Dalam sebuah film yang dirilis baru-baru ini, seseorang yang menyebut dirinya sendiri “jenius” nyerocos di depan kamera tentang “kengerian, korupsi, ketidakpedulian, dan kemiskinan” dunia, dan menyatakan bahwa kehidupan ini tidak bertuhan dan konyol. Meski pemikiran seperti itu tidak asing dalam banyak naskah film modern, yang menarik di bagian akhir, si tokoh utama mendesak penonton untuk melakukan apa saja demi meraih kebahagiaan. Baginya, hal itu termasuk meninggalkan moralitas tradisional.

Namun, dapatkah kita memperoleh kebahagiaan dengan “melakukan apa saja”? Menghadapi keputusasaannya atas masalah-masalah dalam hidup ini, penulis Pengkhotbah di Perjanjian Lama sudah pernah mencoba untuk mencari kebahagiaan melalui kesenangan dan sukacita (Pkh. 2:1,10), melalui pekerjaan-pekerjaan besar (ay.4-6), melalui kekayaan (ay.7-9), dan melalui upaya memperoleh hikmat (ay.12-16). Kesimpulannya? “Segala sesuatu adalah kesia-siaan dan usaha menjaring angin” (ay.17). Tidak ada sesuatu pun yang kebal dari kematian, bencana, atau ketidakadilan (5:13-17).

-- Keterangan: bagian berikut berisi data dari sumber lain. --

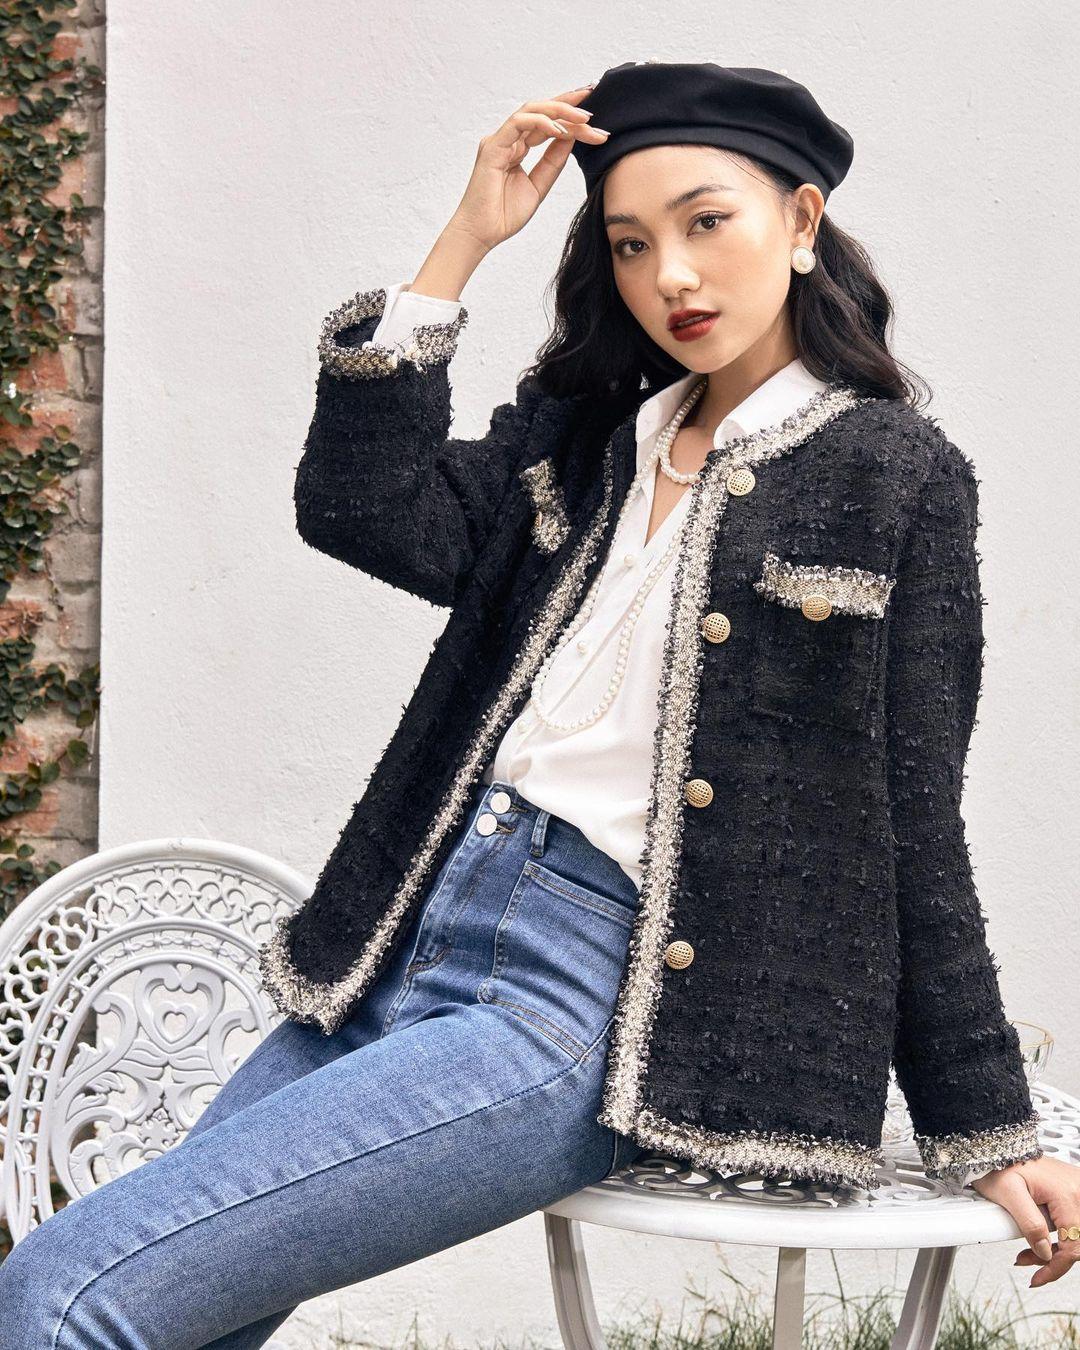 Công nương Kate chỉ ra kiểu áo khoác sang chảnh bất chấp thời gian, đã thế còn cực dễ mặc và tôn dáng đỉnh cao - Ảnh 6.

Hanya satu yang membawa penulis Pengkhotbah keluar dari keputusasaan. Meski didera oleh berbagai pencobaan hidup, kita dapat menemukan kepuasan ketika Allah menjadi bagian dari hidup dan karya kita: “Karena siapa dapat makan dan merasakan kenikmatan di luar Dia?” (2:25). Hidup terkadang terasa tidak berarti, tetapi “ingatlah akan Penciptamu” (12:1). Jangan buang-buang tenaga untuk mencoba memahami hidup, melainkan “takutlah akan Allah dan berpeganglah pada perintah-perintah-Nya” (ay.13).

Tanpa Allah sebagai pusat hidup kita, kenikmatan dan kepedihan hidup hanya akan membawa kita kepada kekecewaan.